As transformações no campo acarretaram em um enorme êxodo do rural
ao urbano (de quase 30 milhões de pessoas entre 1960-1980, segundo Martine
(1991, p.10)), fazendo com que em poucos anos a população urbana brasileira se
tornasse maior que a população do campo. Face as dificuldades impostas pelo
governo ao pequeno agricultor (visto que os governos ditatoriais influenciava a
mecanização do campo e a criação de complexos agro-industriais), movimentos de
pequenos agricultores começaram a buscar um direito constitucional, com um
expressivo número de pessoas: a Reforma Agrária.
Na década de 1960, nas cidades, o movimento pela reforma urbana
também ganha corpo, tendo como principal reivindicação acesso à moradia. A luta
no campo busca a terra, que é, para o agricultor, um meio de produção, o que não
pode ser considerado no caso urbano. É necessário destacar que apenas uma
reforma no campo onde se mude a estrutura fundiária não é suficiente, a reforma
só será concreta com implicações diretas de mudança no tocante à estrutura
agrária. Conquistar terras urbanas, diferentemente do campo, não possibilita
capacidade produtiva ao beneficiado, pois mesmo que a terra recebida pelo
integrante da luta pela da reforma agrária contenha poucas amenidades, é um meio
que esse utiliza para a produção, o que não é possível com o solo urbano.

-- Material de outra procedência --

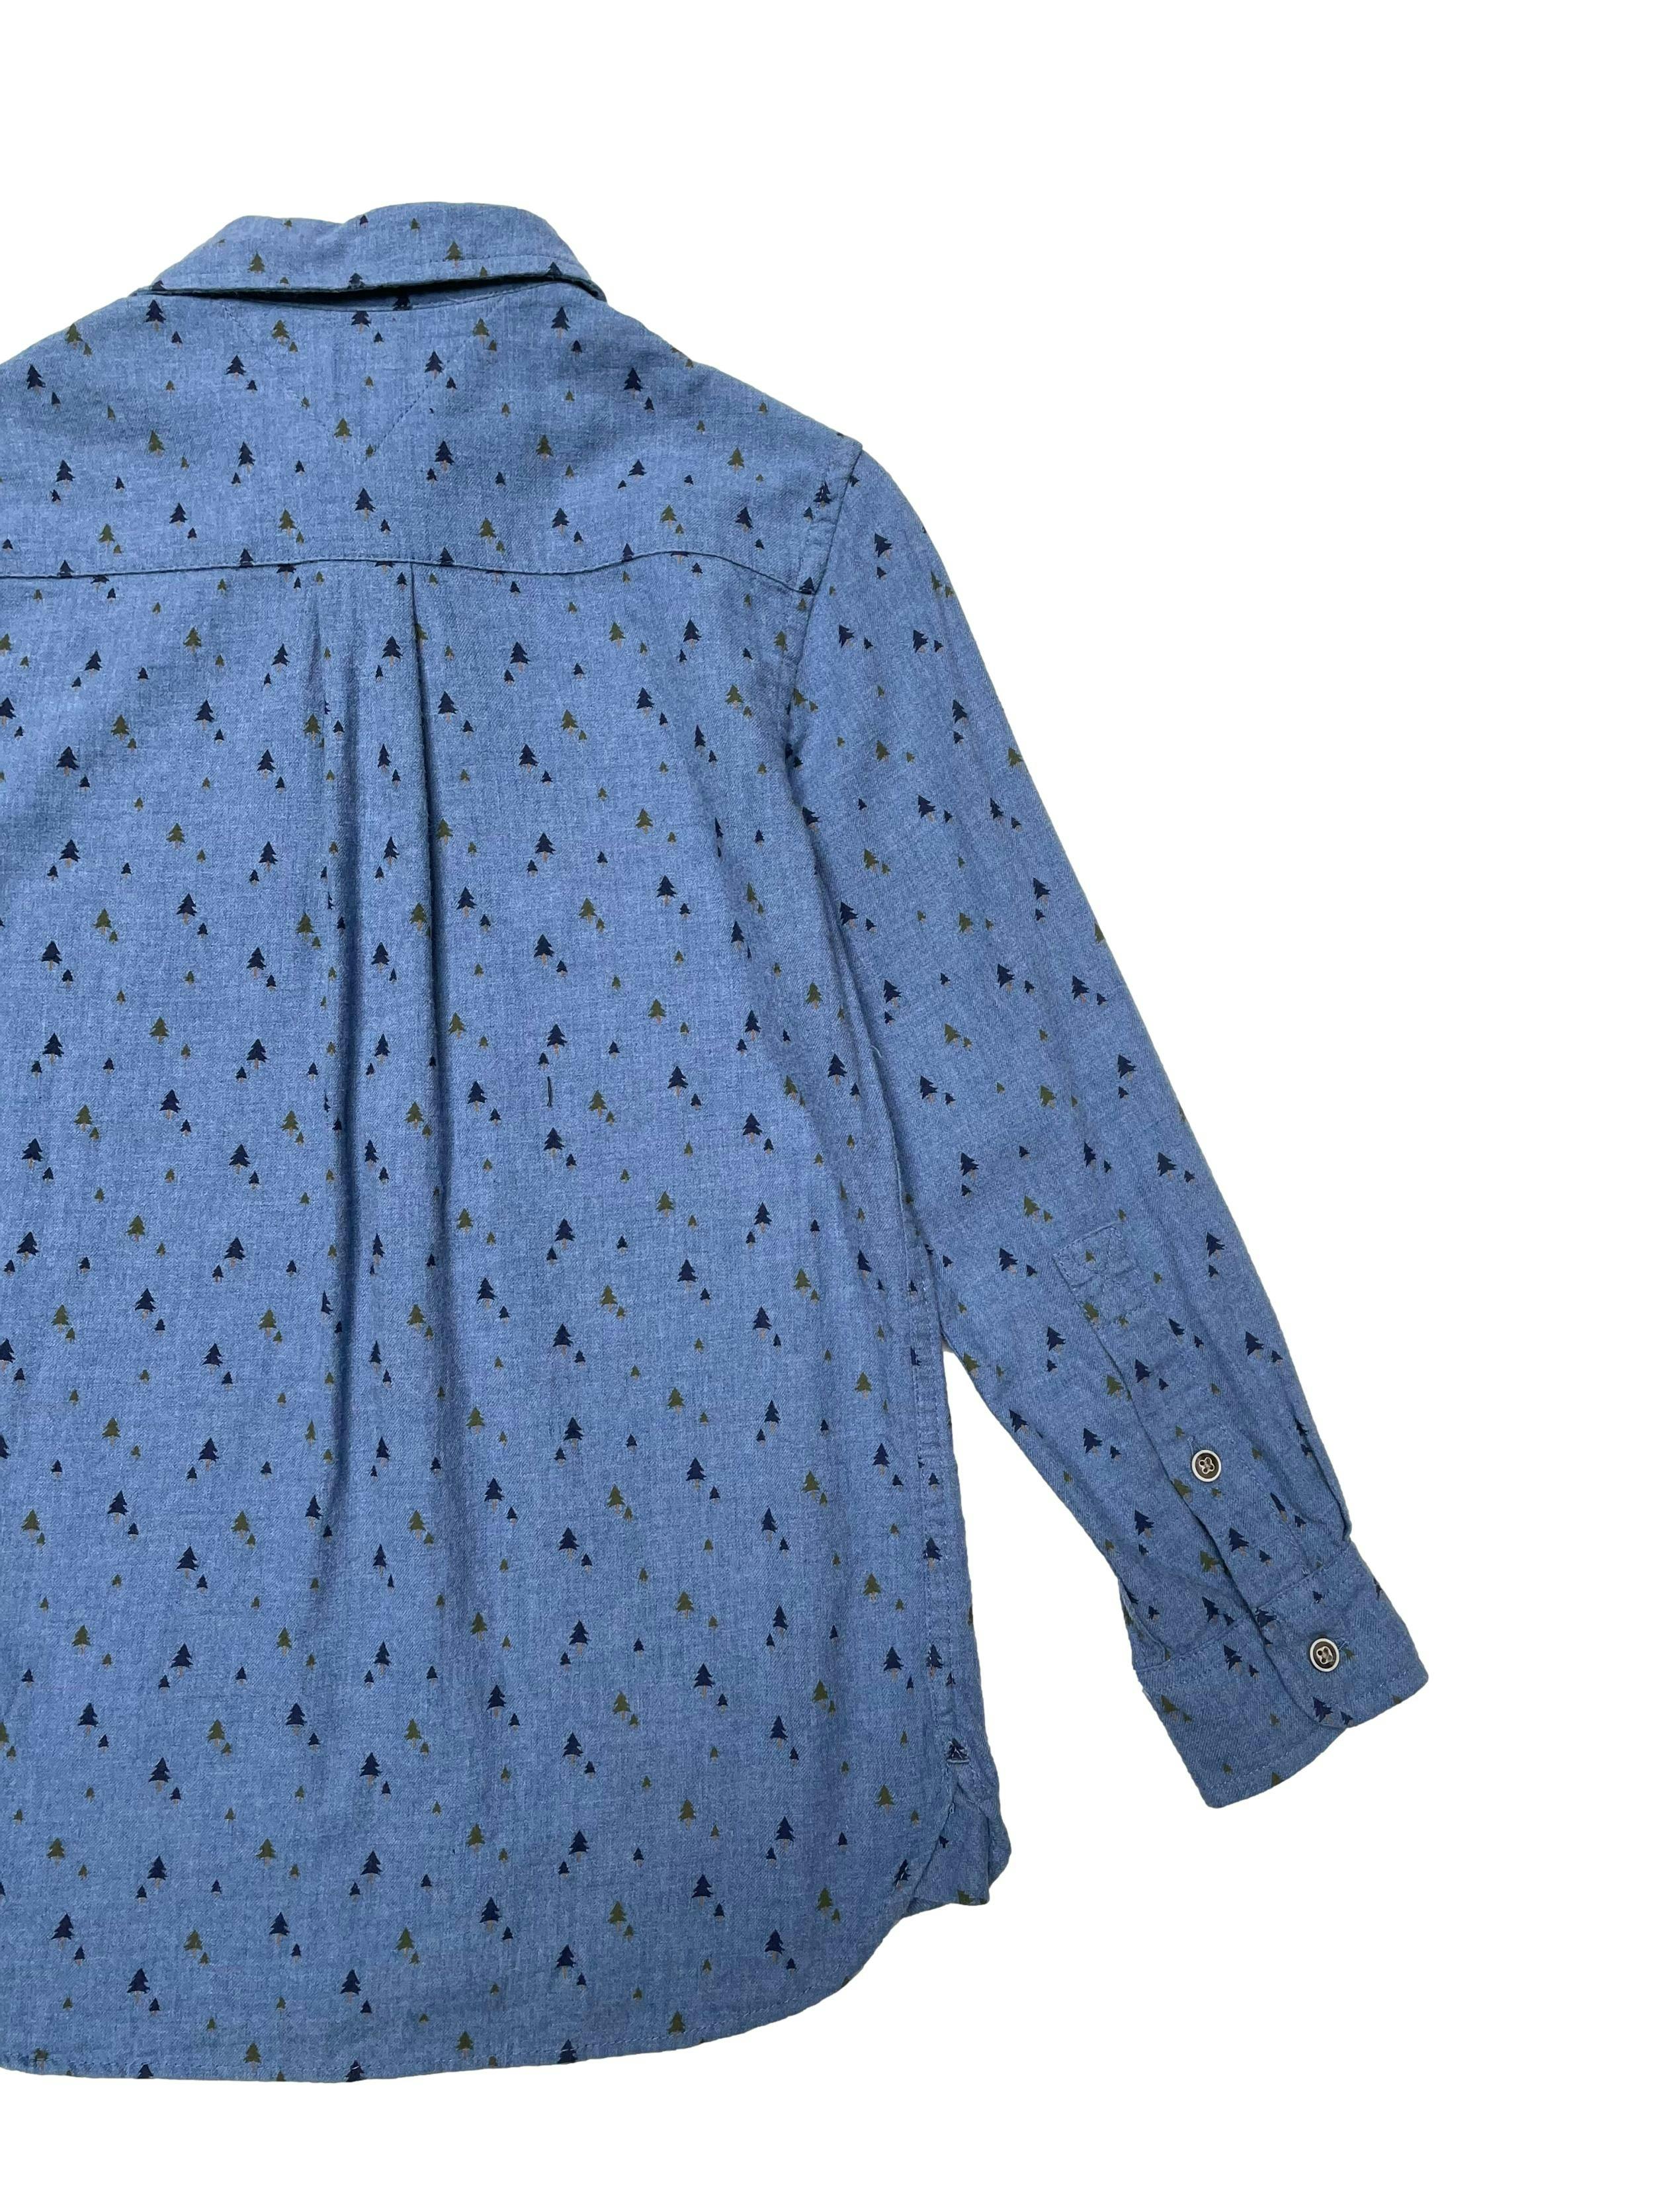 Camisa Tommy Hilfiger 100% algodón azul con estampado de pinos, bolsillo en el pecho y botones delanteros y en puños. Ancho 76cm Largo 50cm. Precio original S/ 239

Destarte, os beneficiados pela reforma urbana não possuem um meio produtivo caso
obtenham acesso à moradia. E assim como apenas uma redistribuição fundiária não
é suficientemente capaz de promover uma reforma agrária, o acesso à moradias é
também um aspecto relevante da reforma urbana, mas não o único. “[…] para o
pobre urbano, diferentemente do agricultor pobre e sem terra, o solo será, via
de regra, um substrato essencial, uma condição para sua existência, mas não um
meio de produção” (SOUZA, 2000, p. 286).
Com o golpe militar em 1/04/1964, teve início um planejamento
urbano que ficou conhecido como planejamento da acumulação “como norte
da ação do Estado brasileiro durante o período autoritário” (RIBEIRO, 1993,
p.116) e o movimento pela Reforma Urbana foi abafada.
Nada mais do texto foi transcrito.